**The data**:
========================================

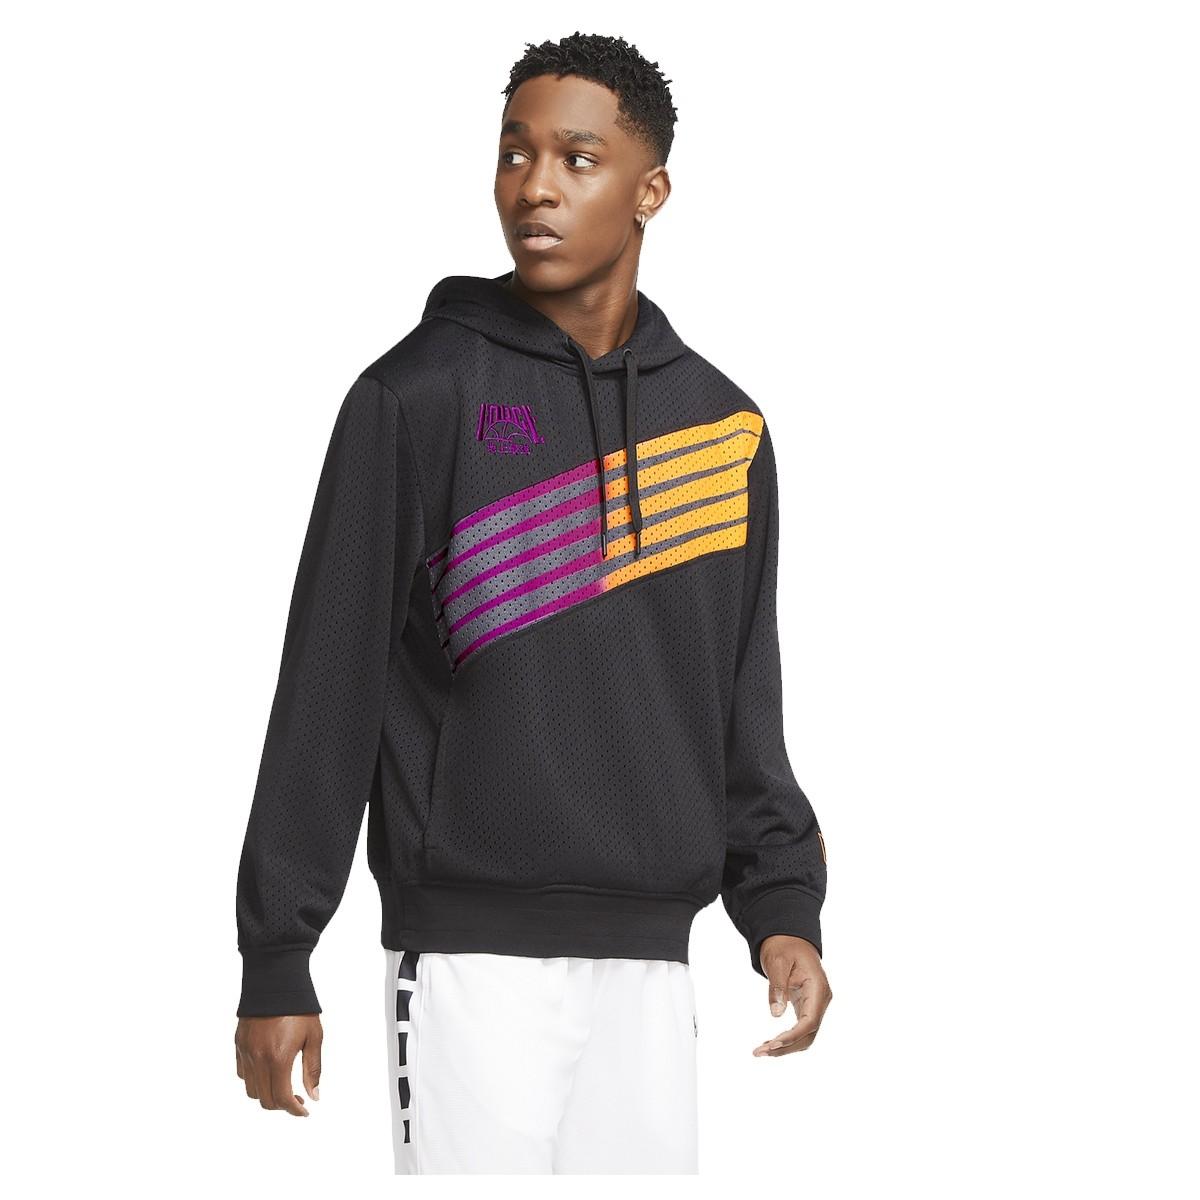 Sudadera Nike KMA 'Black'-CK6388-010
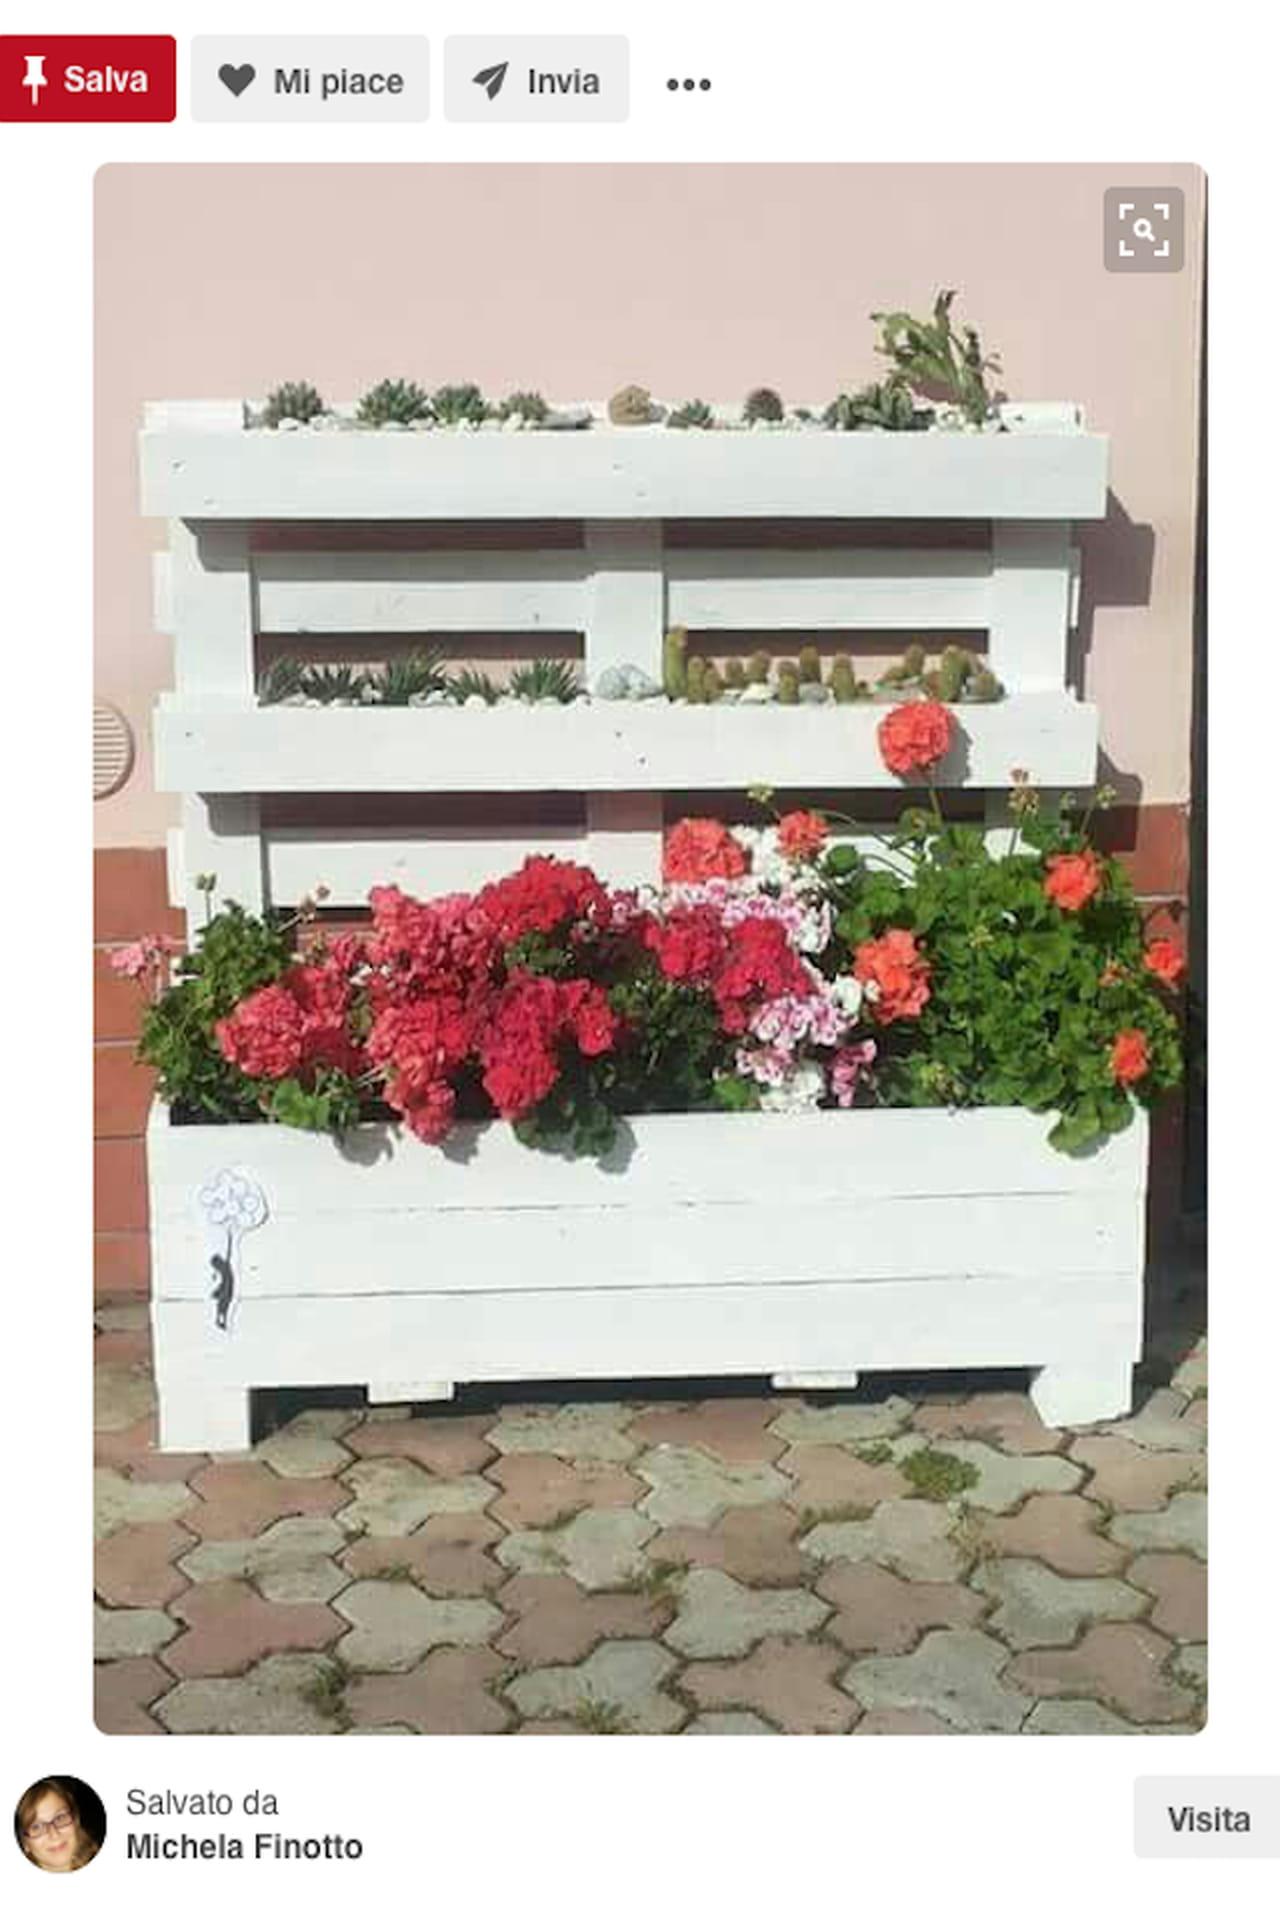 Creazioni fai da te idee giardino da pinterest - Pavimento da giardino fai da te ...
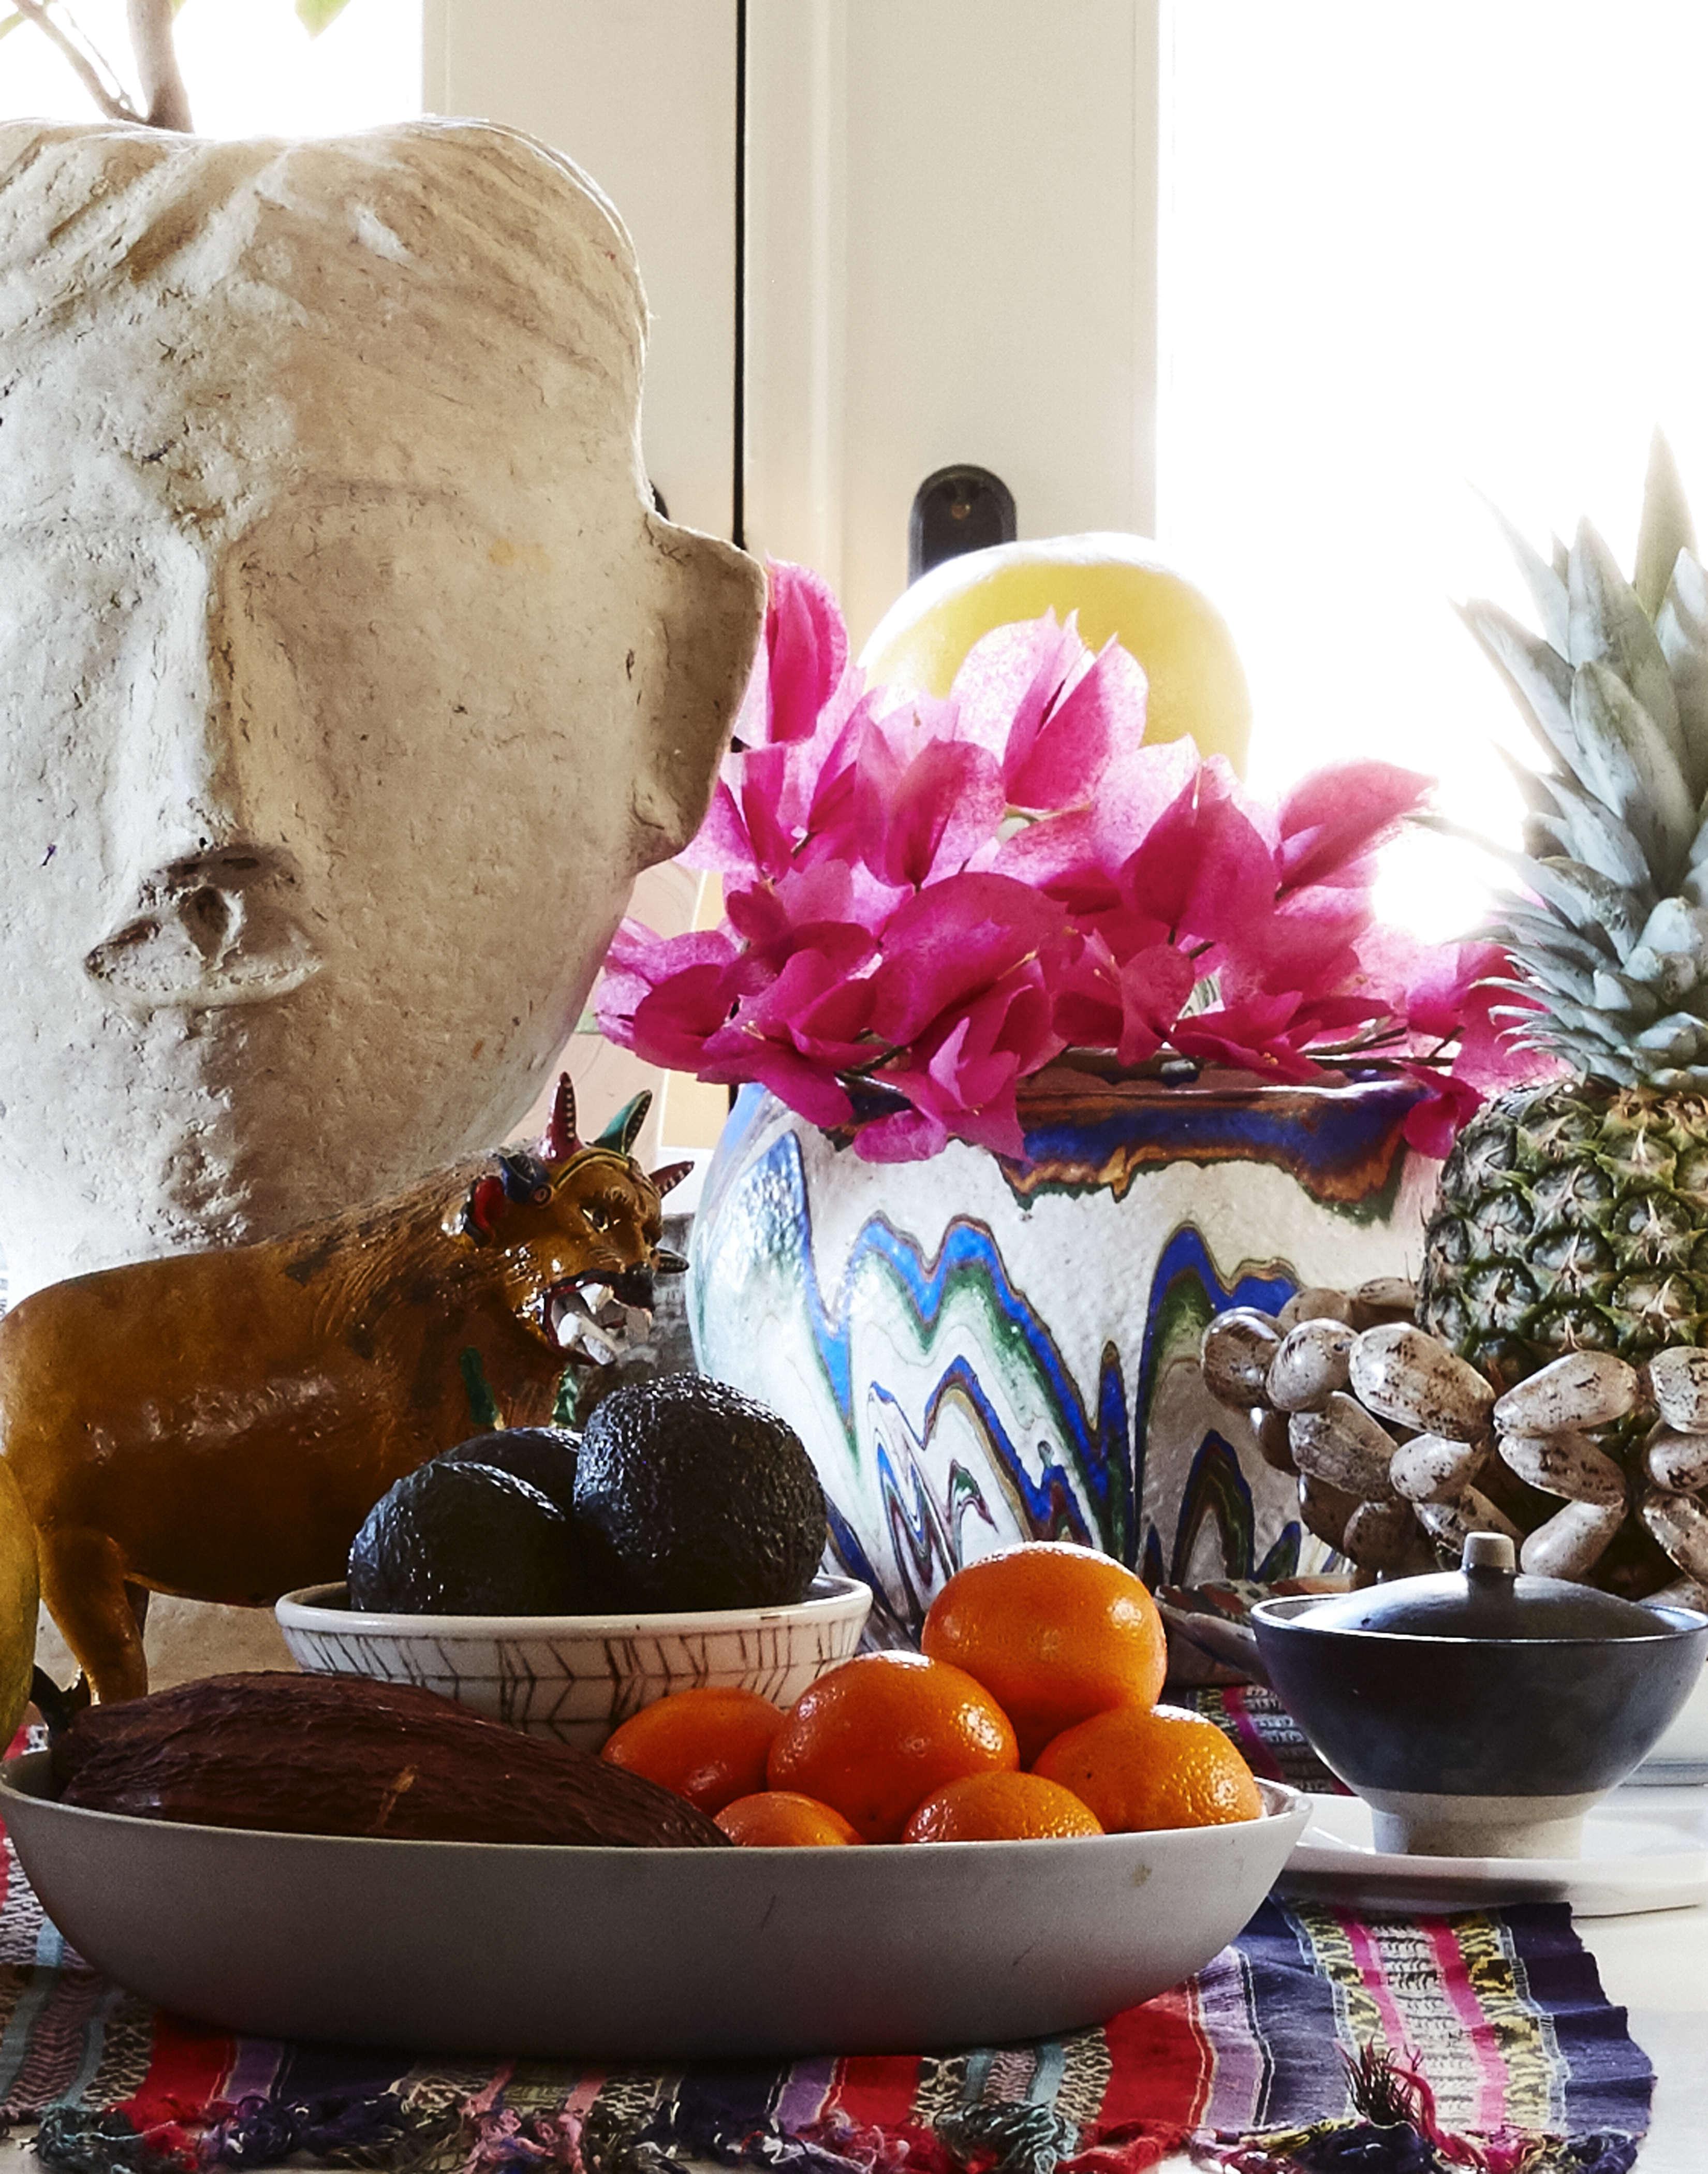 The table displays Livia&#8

========================================

**Work to complete**: The expected response is every line of the material, written out exactly, with the images removed.

**Exercise result**:
 Sudadera Nike KMA 'Black'-CK6388-010
 Creazioni fai da te idee giardino da pinterest - Pavimento da giardino fai da te ...
 The table displays Livia&#8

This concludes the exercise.